The articles I was reading yesterday had to do with speech and silence, and authority and voice. Strange how that happens; lots of material I wanted to blog more about these topics; I may get back to them this afternoon if I can recapture the train of thought. But it was broken by a different sort of pain than what usually disrupts me.
I feel better today, but I’m oddly dislocated. I woke up thinking of Chaucer, in his little cubicle above the bridge. I was thinking about how our models today are not brilliant men with skills above the norm. The actors and actresses, sports figures and celebrities which garner the greatest monetary rewards in society are largely ordinary people who have been singled out because of their talents to inspire in ways that have little to do with intelligence. The most essential people in our society are paid the least, because we run away from the mundane into the fantasy worlds of entertainment and sport; we don’t want to be reminded that the core values that support society are tedious boring work. Escape is the most highly praised commodity by far.
But the stories that grant most people escape are written by committee. It’s not the efforts of great men, but instead a sort of social consensus voted upon by dollars. Leading the parade are hollow puppets, with strings pulled not by master manipulators, but instead by the winds of popular opinion.
Okay, so that isn’t that profound. It’s just what I was thinking about this morning.
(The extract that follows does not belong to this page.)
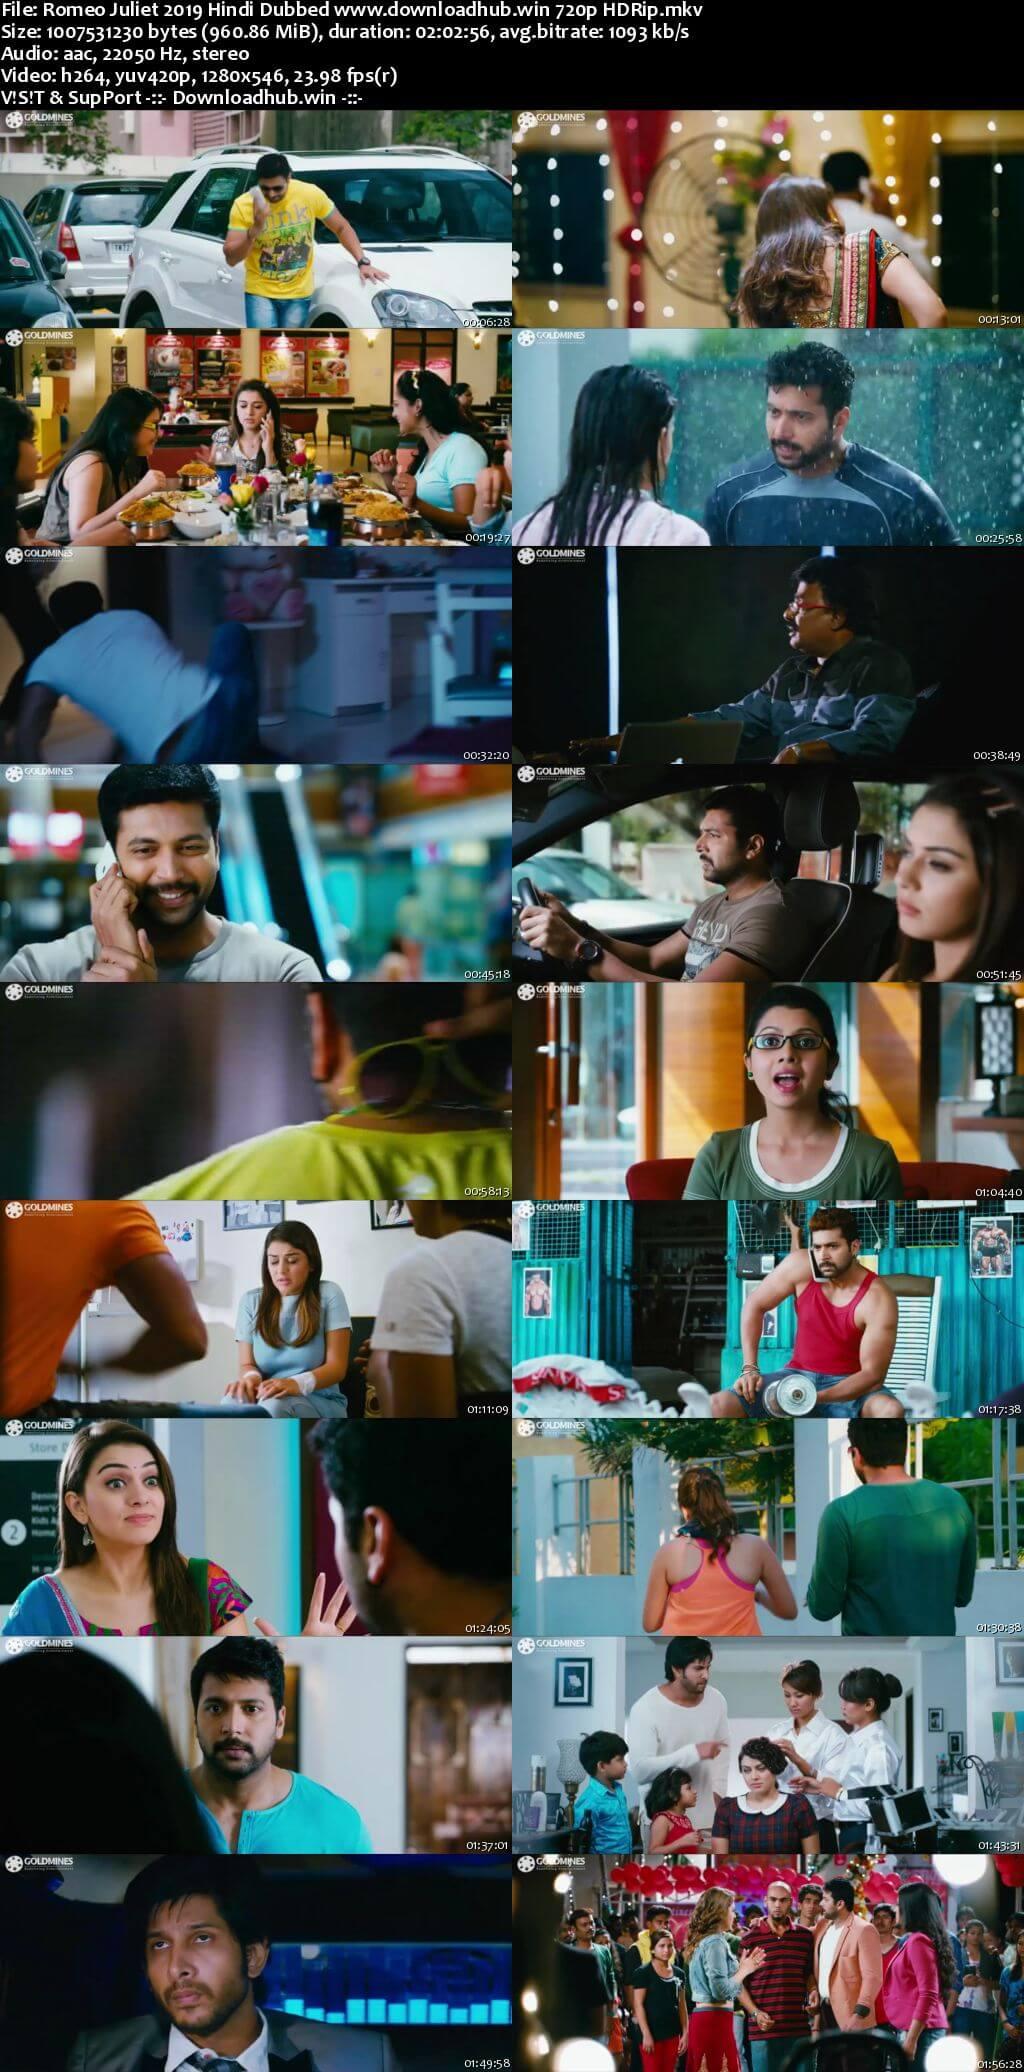 Romeo Juliet 2019 Hindi Dubbed 720p HDRip x264

When I clear my head, I may be able to return to that broken train of thought which reaches deeper that a cursory survey of surface values.
Yesterday, I was thinking of silence. Appropriately enough, it was expressed in silence. I was thinking about the increasing numbers of e-mails I get from people who define themselves by withholding, by saying little other than they read what I say and are puzzled or amused by it. I withhold little, because I have nothing to lose. My life is quite ordinary, and I’ve spent much more time focusing on what I say rather than what I don’t say. Perhaps it’s time for a change. Or perhaps not.
define themselves by withholding… interesting, that.